▶ [THE TASK]: When you reach the line with "Thêm 1 huyện", transcribe it and each line after it through the last one below, exactly. Pictures stay out.

▶ [SUPPLIED INFORMATION]:
▬▬▬▬▬▬
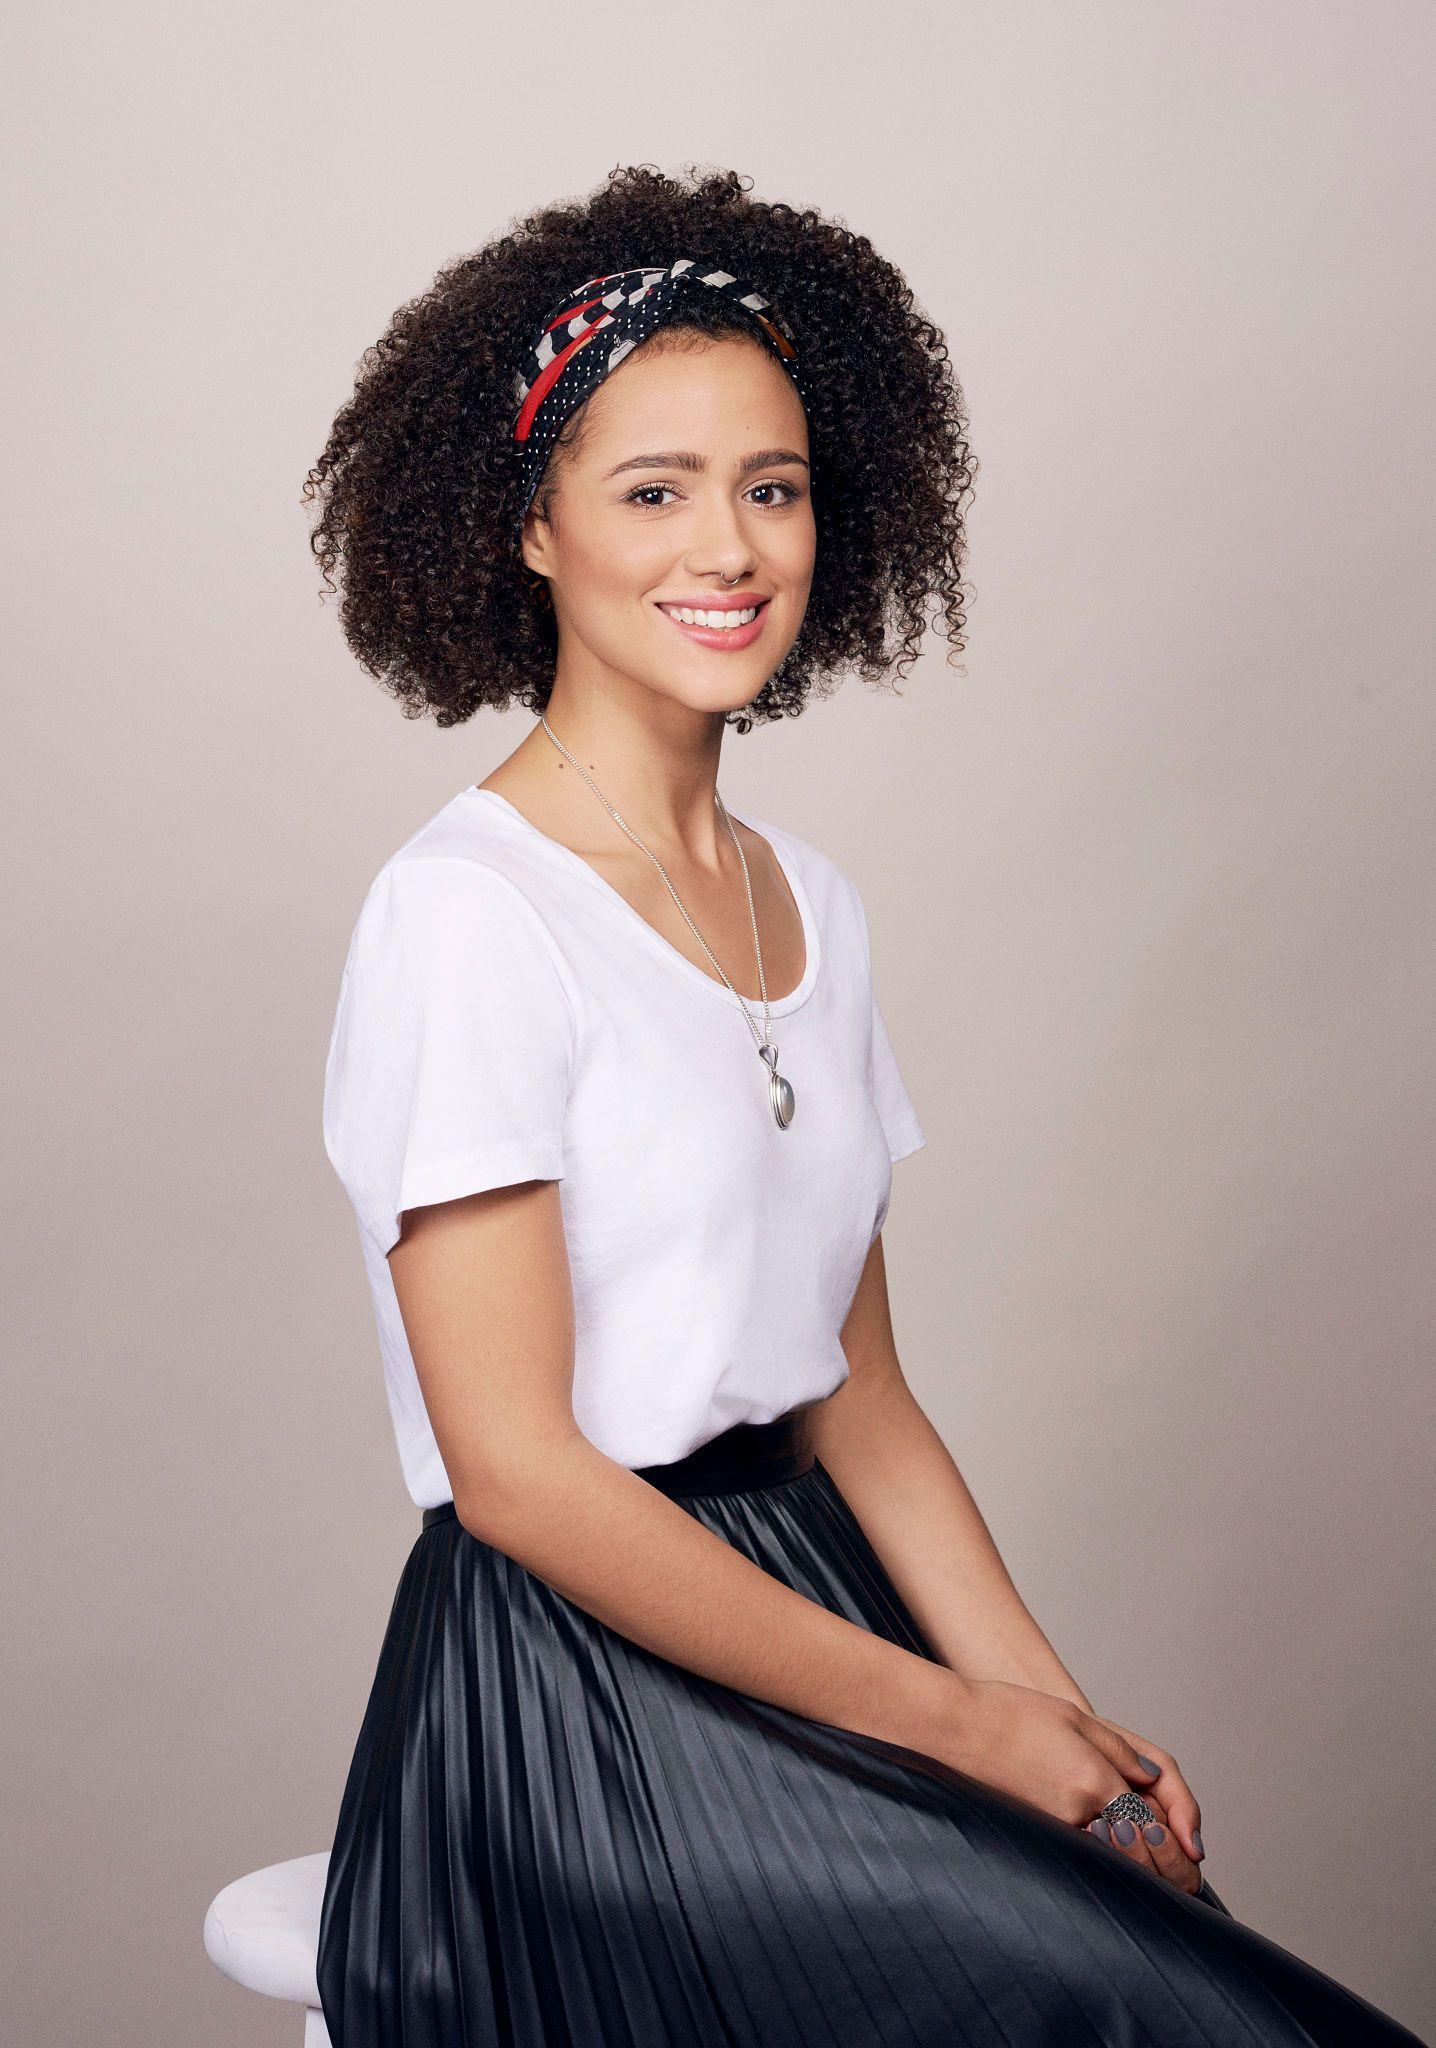 Nathalie Emmanuel Her Skin Care Secrets At Http
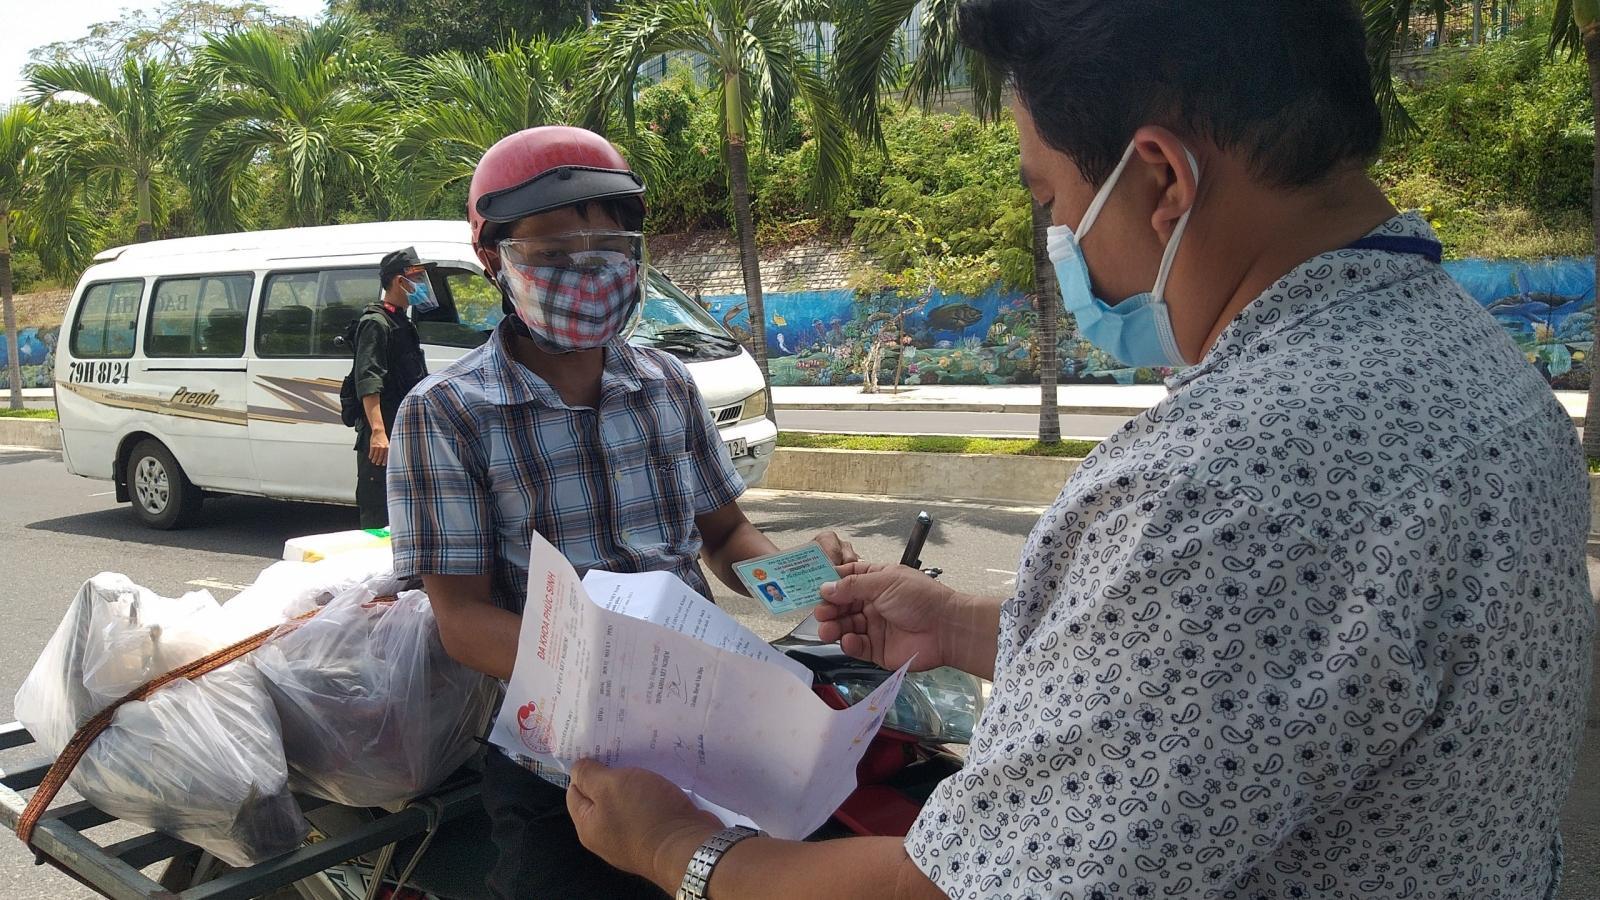 Thêm 1 huyện ở Khánh Hòa phải áp dụng Chỉ thị 16
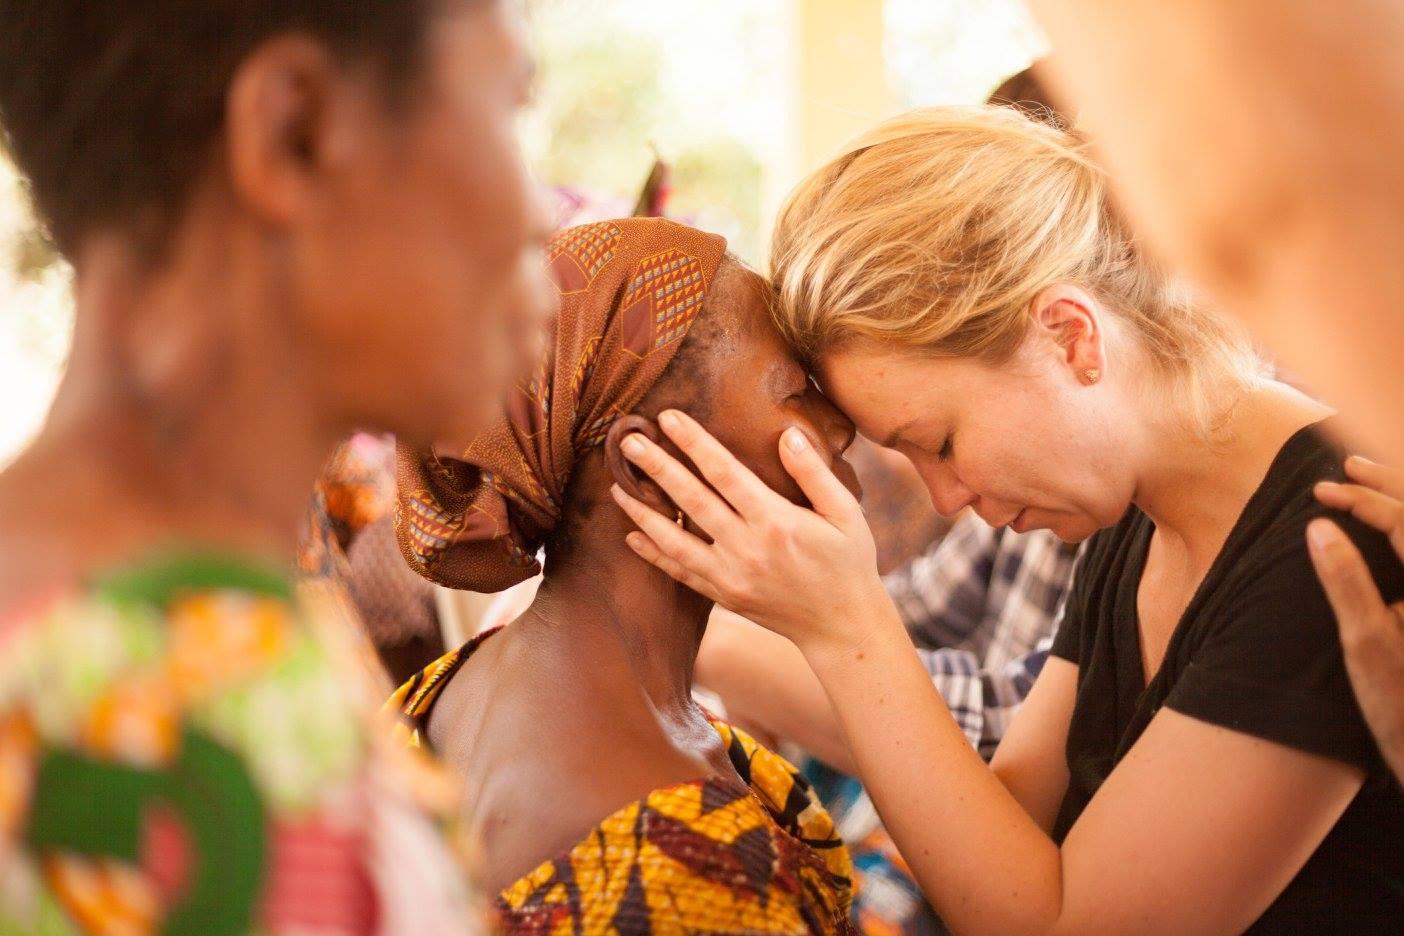 Naomi praying
▬▬▬▬▬▬
▶ [EXERCISE OUTPUT]:
 Thêm 1 huyện ở Khánh Hòa phải áp dụng Chỉ thị 16
 Naomi praying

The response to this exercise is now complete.